20/02/2019: Assignment 2: I came to know that the computer systems in the Lab are not able to deal with the given dataset, because of its heavy size. Some students may be facing the same issue on their personal computers as well. The first task is independent of the dataset. So, this should not be a problem. For all the remaining tasks, you can alternatively download the small dataset of 20,888 records (dblp20888.xml) from the Lab Assignments section above, and work directly on this xml file, instead of the dblp5000.xml file.

Considering some requests, the due date for the first submission of Assignment 2 has been extended by 1 day. So the first part has to be submitted by the end of tomorrow (21/02/2019).

13/02/2019: Quiz 1 has been scheduled at 2pm on Monday (18/02/2019) in M6, Lecture Hall Complex. It will be closed book/notes and of a duration of 1 hour. Its syllabus includes all the topics covered till today's class, which are Chapters 1-3 (excluding Section 2.3), 6-7, and 10 (only upto Section 10.3.2, including this section) of the reference book (Data Mining: Concepts and Techniques, Han et al.).

Further details about Lab Assignment 2 have been added. Also the submission requirements and due date have been updated. Check the Lab Assignments section above.

10/02/2019: Lab Assignment 2 has been released. Download a copy from the Lab Assignments section above. Those who haven't submitted Assignment 1 yet, today is the last date for submission with penalty. Submission link for Assignment 1 will close tonight.

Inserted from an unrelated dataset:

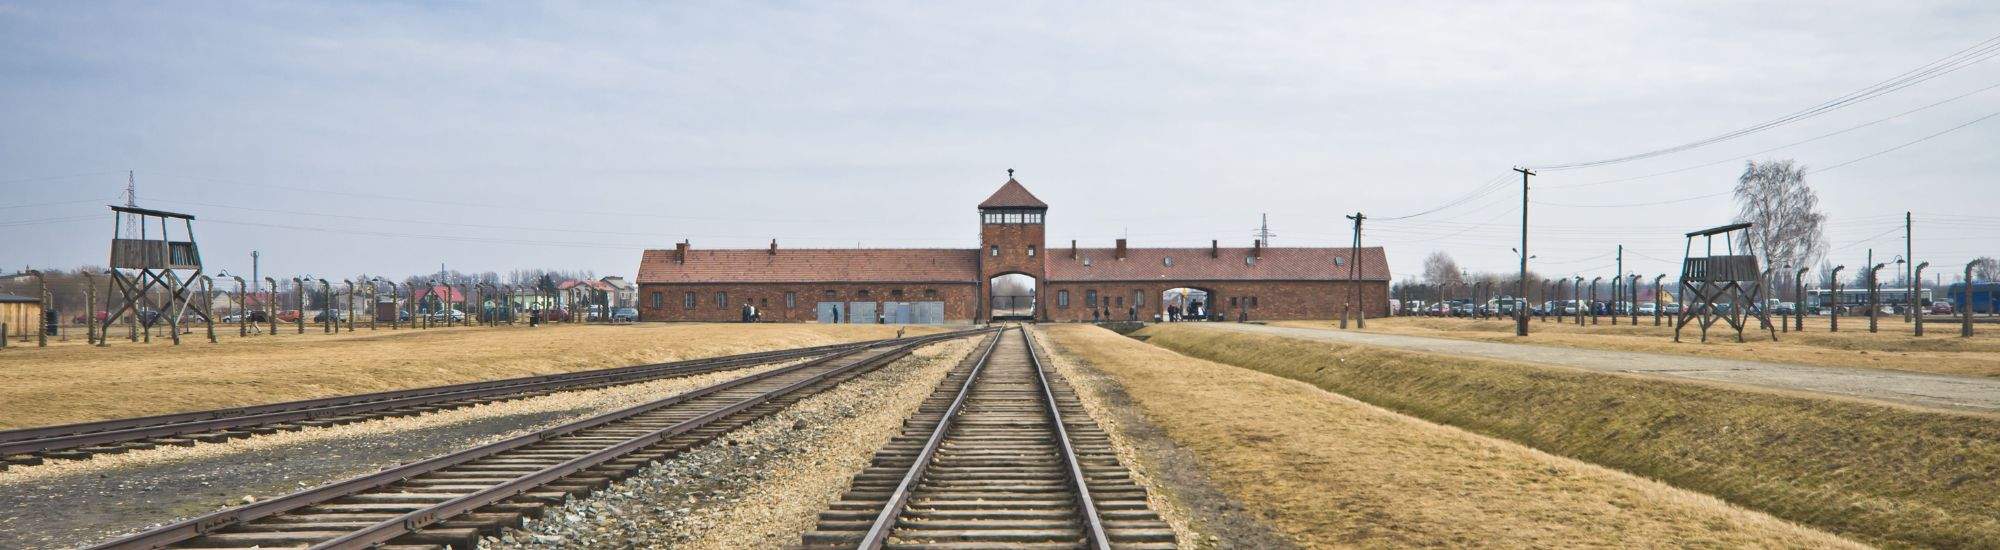 EE.UU. apoya la visita virtual a Auschwitz-Birkenau

05/02/2019: The assignment submission link is open on Moodle now. Join the Data Mining course on Moodle, if not done yet, with enrolment key cs524_201820192.

29/01/2019: An additional note on Lab Assignment 1 has been released. Check the Lab Assignments section above.

27/01/2019: Lab Assignment 1 has been released. Download a copy from the Lab Assignments section above.

20/01/2019: Those who are taking the course but have not submitted the ADD request on CRP, need to submit the request at an earliest (CRP has listed the course code as CS5XX), and then send me an email mentioning the Grade obtained in Machine Learning (if taken previously). Those who have already submitted their request, but have not got approval yet, need to send me an email mentioning their Grade in Machine Learning (if taken previously). ADD requests will be approved only after I know the Grade in Machine Learning.

Also, please join the Data Mining course on Moodle, with enrolment key cs524_201820192.

13/01/2019: I will be on leave tomorrow. So there will be no Data Mining classes tomorrow (Monday, 14th January 2019). Any urgent communications can be directed through email.

08/01/2019: The confusion about the timing of this course has been clarified and confirmed. Please see the details above. Classes are going to start from tomorrow. The first class is going to take place at 09am tomorrow in M4, Lecture Hall Complex.

07/01/2019: Welcome to the course CS524 - Data Mining. It will be taught by Dr Tarique Anwar (myself). The timing and venue will be announced here shortly.



Note: This page will be updated regularly with all the helpful information and announcements. Students are recommended to keep checking the updates here.